Kami terus melaporkan. Lisensi kami telah dikompromikan. Banyak pengiklan yang menghilang. Wartawan dilarang masuk istana, dan beberapa eksekutif senior secara sukarela menerima pemotongan gaji agar lampu tetap menyala. Pahami bahwa Rappler tidak sendirian dalam korupsi atau korupsi kebrutalan perang narkoba. Mereka juga bukan satu-satunya kantor berita yang terancam. Jurnalisme adalah sebuah tradisi, dan garis yang dipegang Rappler dibuat bertahun-tahun yang lalu oleh pria dan wanita yang menginjakkan kaki mereka di barikade dan tidak berkata apa-apa lagi. Ketika kebrutalan menjadi hal yang lumrah, maka perlawanan menjadi hal biasa dalam jurnalisme sehari-hari.
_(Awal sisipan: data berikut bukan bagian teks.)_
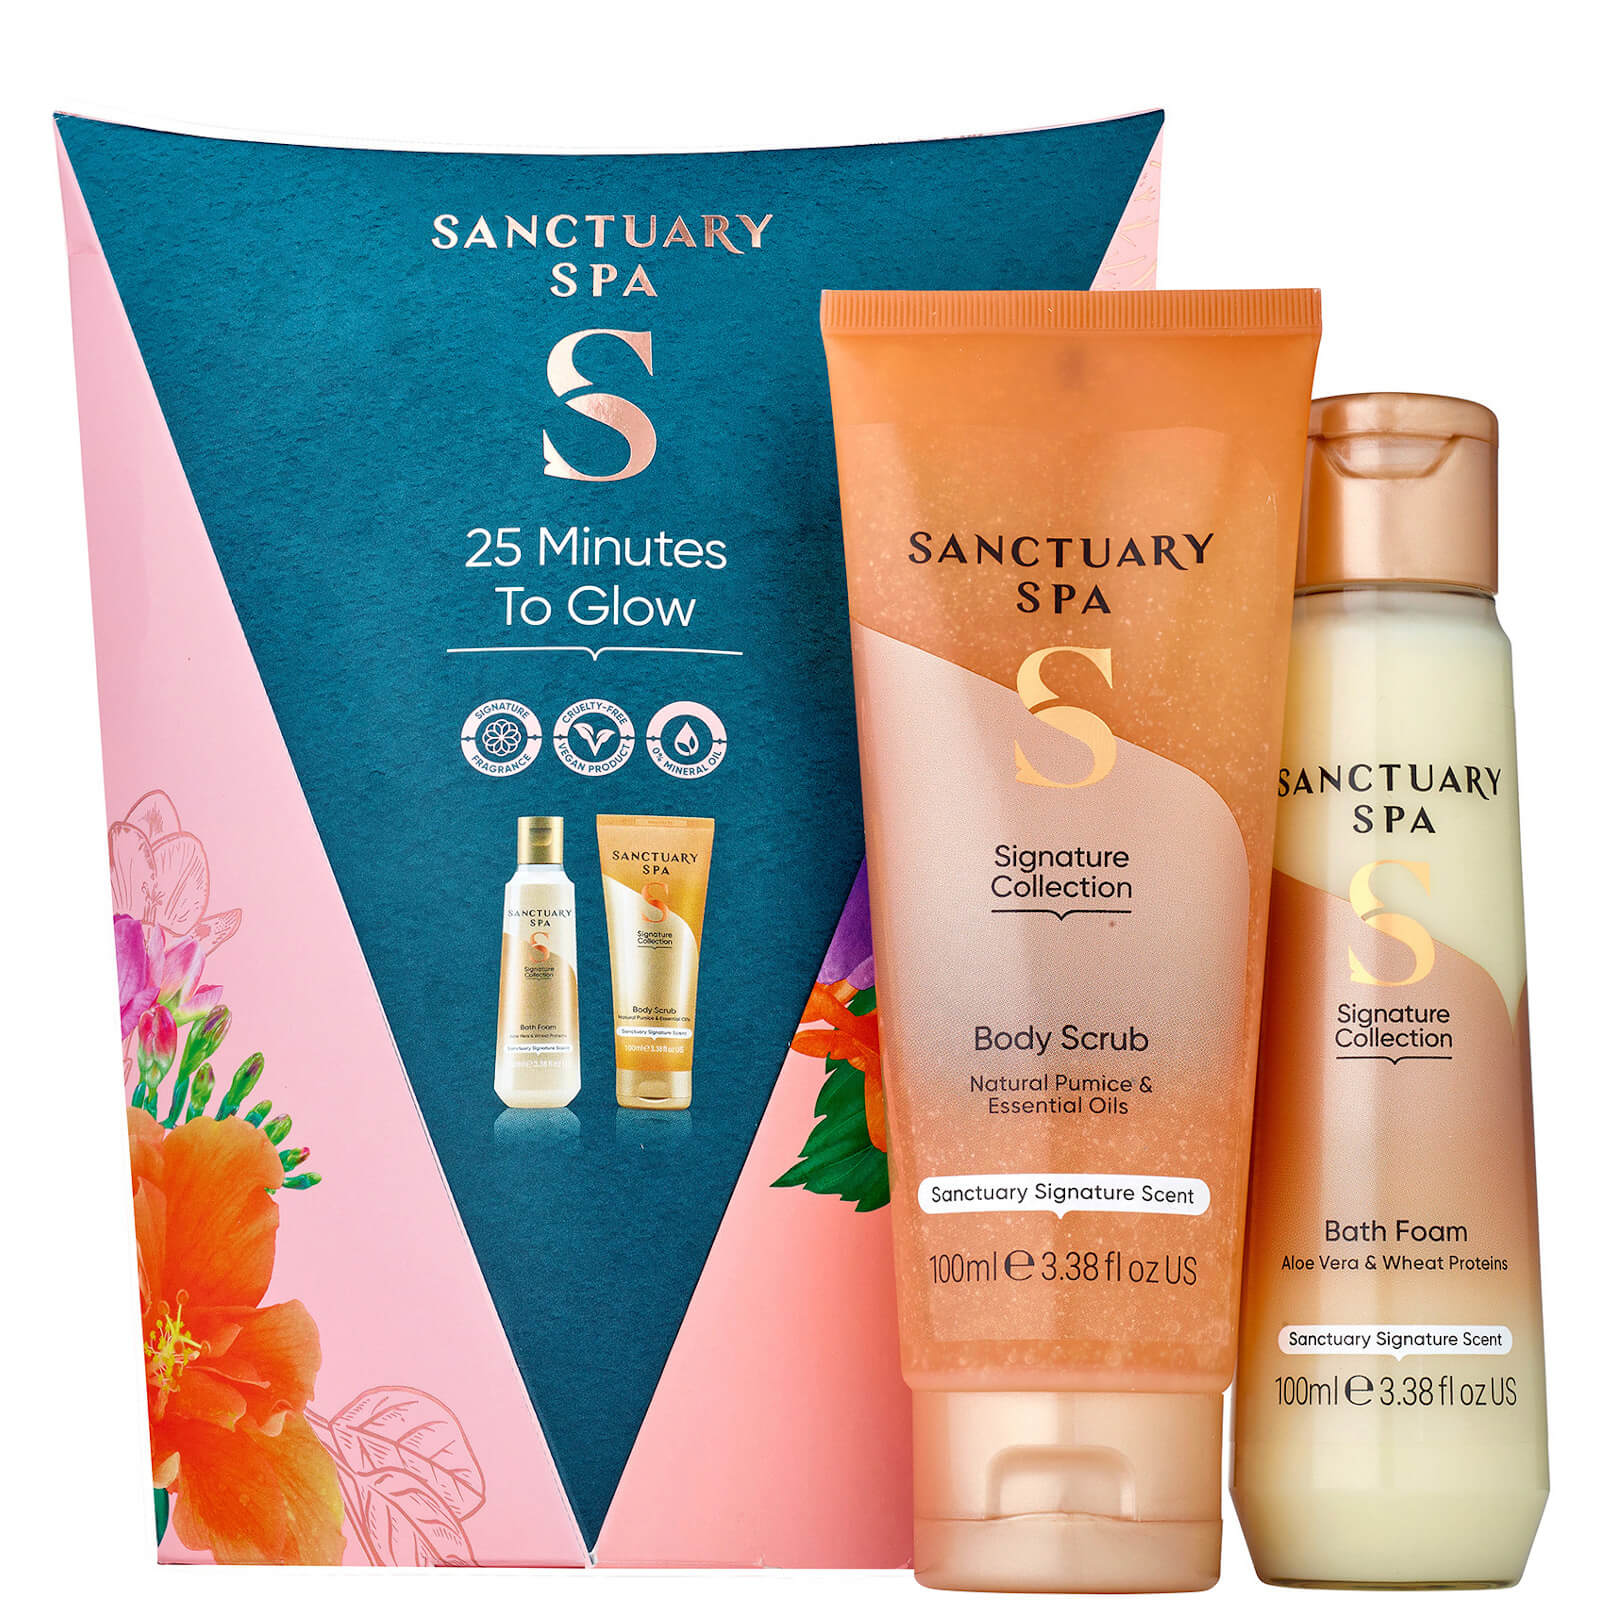 Sanctuary Spa 25 Minutes to Glow Gift Set

TIM SATU ORANG. Pada rapat umum anti korupsi di Manila pada tahun 2013. Foto oleh Luis Liwanag

Sudah lebih dari setahun sejak saya terakhir menerbitkannya di bawah Rappler. Saya pergi dengan kesadaran bahwa bekerja untuk Rappler memiliki kualitas permanen yang sama dengan menikah di Filipina – perceraian tidak diperbolehkan, perpisahan tidak diperbolehkan. Saya menulis ini sekarang karena saya Karyawan no. 6 telah dan diperkirakan akan bertahan lama setelah saya menutup kredensial pers saya. Menurutku warna oranyenya masih terlalu terang. Saya masih bersikeras menggunakan Premiere Pro daripada Final Cut. Saya masih tidak percaya bahwa media sosial akan membuat dunia menjadi tempat yang lebih baik, namun saya yakin bahwa catatan yang kita simpan akan berarti, meskipun hanya sebagai kenangan atas kehilangan yang kita alami.

Di sini adalah Danica Maesemuanya berusia 5 tahun, yang terkena peluru yang ditujukan untuk kakeknya, dan Charlie yang berusia 16 tahun, yang ibunya berusaha menjaganya tetap aman. Semua hari-hari mereka dimulai dengan normal, dan kemudian terjadi tembakan.

Inilah hal yang nyata. Ketika mereka meninggal, itu tidak bagus. – Rappler.com

Catatan Editor: Patricia Evangelista adalah reporter investigasi untuk Rappler. Dia sedang mengambil cuti panjang untuk menulis buku dan diharapkan kembali bertugas aktif ketika dia memenuhi jumlah kata-katanya. Kami berharap dia menemukan jalan ke kantor.